IN this edition today, we report that Impala Car Rental, a local company in Harare with a big footprint across the tourism and hospitality industry, is linked to the state security agency, Central Intelligence Organisation (CIO).
Ordinarily, Impala should be able to freely do business with whomever it wants to and should not be bothered by needless public comments, especially on social media, that much since it’s not a state enterprise or public entity beyond its business networks and interactions.
Of course, it does business with the public and must listen to its customers to offer a good service and get a healthy return on investment.
However, this is a very unusual case we are dealing with.
It’s a case of company which has links with the state security service, the CIO, hence now finds itself entangled in political and human rights issues engulfing those who own and control it.
This has made Impala a subject of keen interest among the public. More so after a car that was hired from it was used by state security agents to abduct and brutally torture a student journalist, Tawanda Muchehiwa, who is clearly harmless just like the other journalists being hounded. Journalism is not a crime.
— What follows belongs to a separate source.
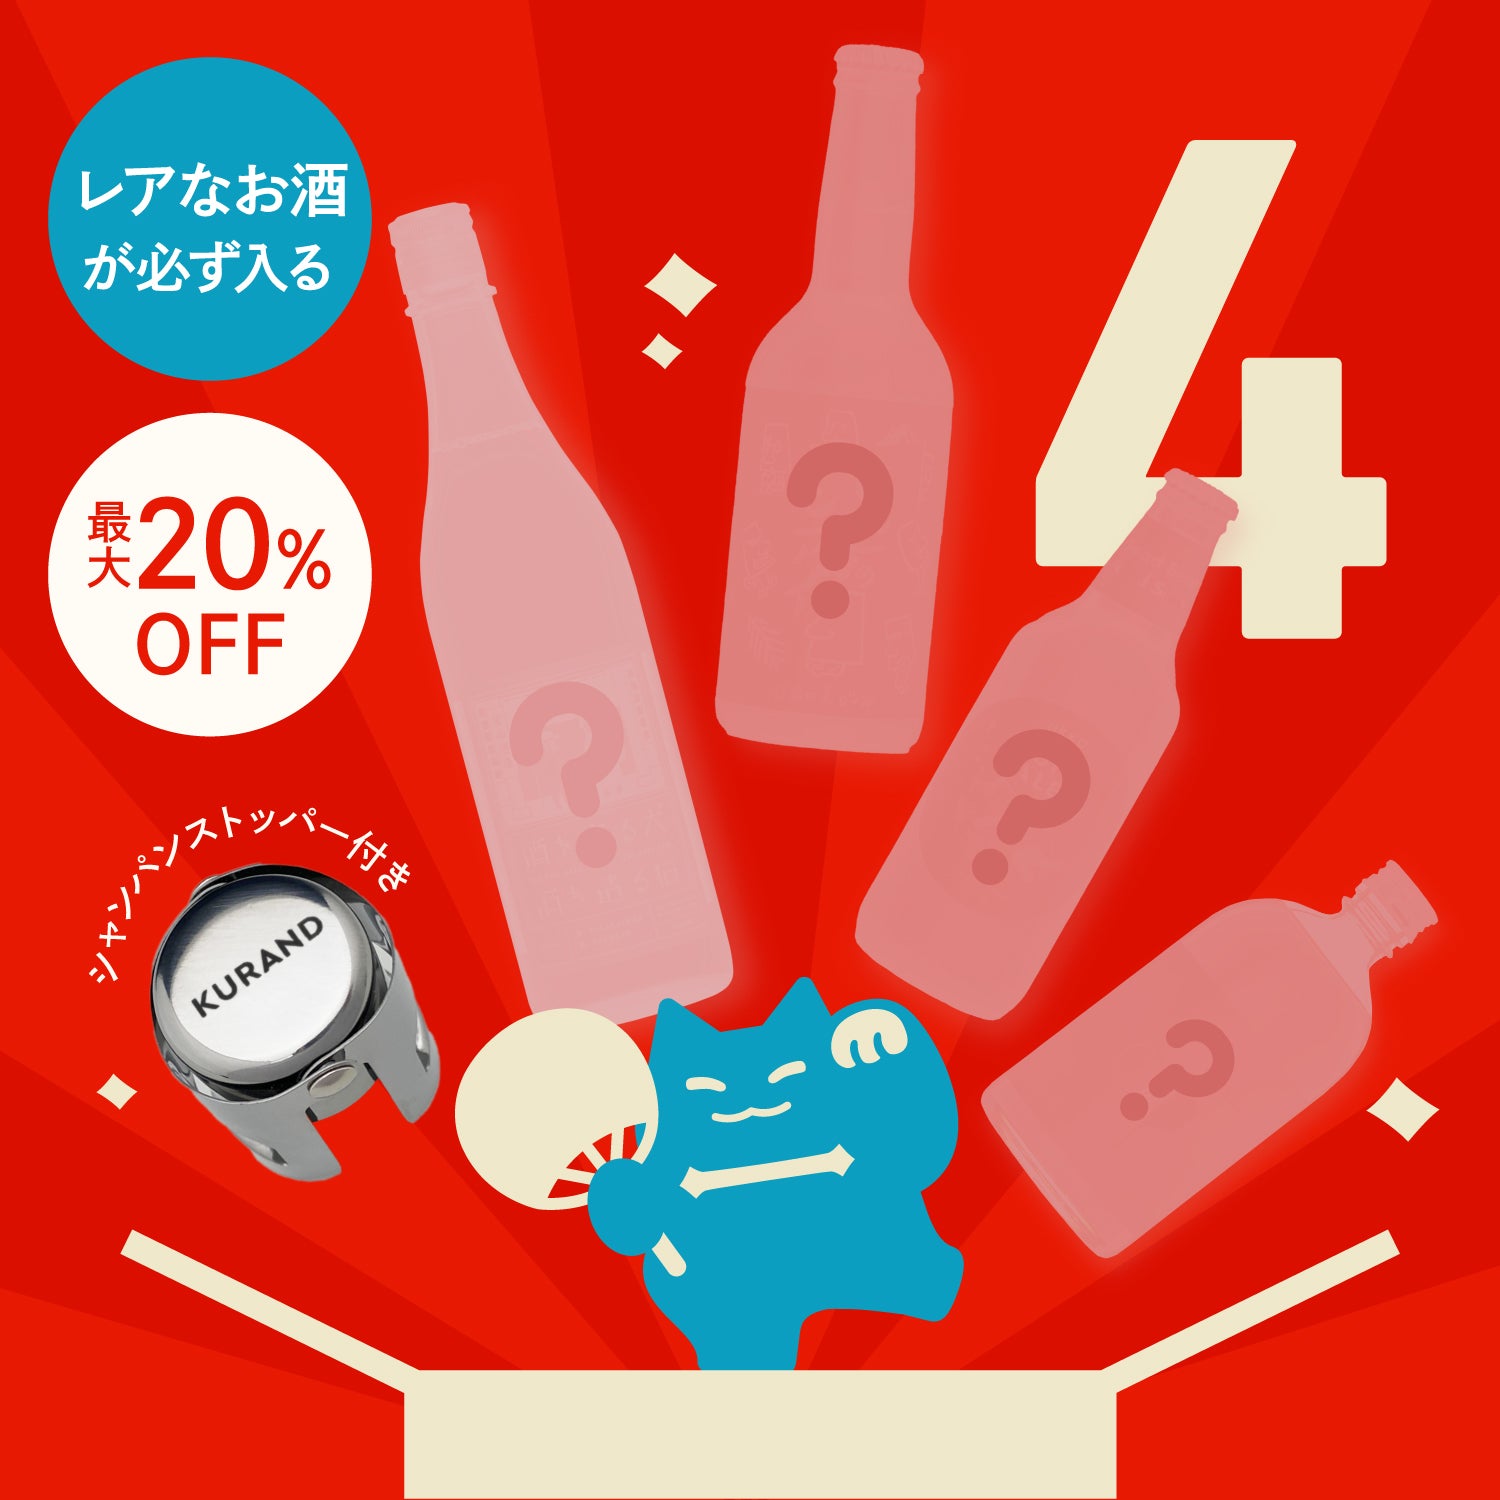 【最大20%OFF】酒ガチャ夏の大セール限定 4連酒ガチャ

Well, Tawanda is also an activist, which is not a crime, but certainly not the kind of young man who would plant bombs and explode public infrastructure and buildings as alleged by MDC Bulawayo women’s league leader Tendai Masotsha who has now been forced out despite being cleared of suspicions she framed Tawanda and put him in a trap.
Although she has denied these charges, she has not been able to convincingly explain why she did what she did — calling and meeting Muchehiwa and his relatives, Advent and Mandlenkosi, at that area where the abduction took place and later telling them they should not reveal what had happened when Muchehiwa was abducted.
That is very dodgy and criminal. In fact, it is scandalous. The MDC Alliance should not have let her off the hook. But then, she is now at it again, claiming Tawanda wanted to bomb buildings. Why didn’t she report him to police when she realised he had an anarchist and arsonist agenda?
The problem here is Masotsha has been caught with her paints down and she is trying to kick dust, brew a storm and then disappear in the midst of the confusion.
The issue is not really about Masotsha, but the growing political culture under President Emmerson Mnangagwa’s regime of violence, brutality and impunity. Zimbabweans needs to stand against the government to pressure it to stop brutal repression and impunity.
Authorities must know there is a political cost to allowing state security agents to abduct, torture and brutalise people.
In recent months, Nigerian leaders learnt it the hard way when their people showed that they were outraged by the systemic human rights violations perpetrated by special police with impunity. Nigerians rose against their government over horrific crimes which were being committed by the country’s Special Anti-Robbery Squad (Sars).
Their protests shook government and drew the international community’s attention.
Like the global BlackLivesMatter and later the ZimbabweansLivesMatter movements, the Nigerian protests were about human rights abuses and impunity.
Yet Nigerian authorities have failed to prosecute a single officer from the notorious Sars despite anti-torture legislation passed in 2017 and evidence that its members continue to use torture and other ill-treatment to execute, punish and extract information from suspects.
Zimbabwe still allows and uses torture as part of investigations and the judiciary has not taken a bold stance to consistently condemn that.
People must say no to this and bring brutality, torture and impunity to an end.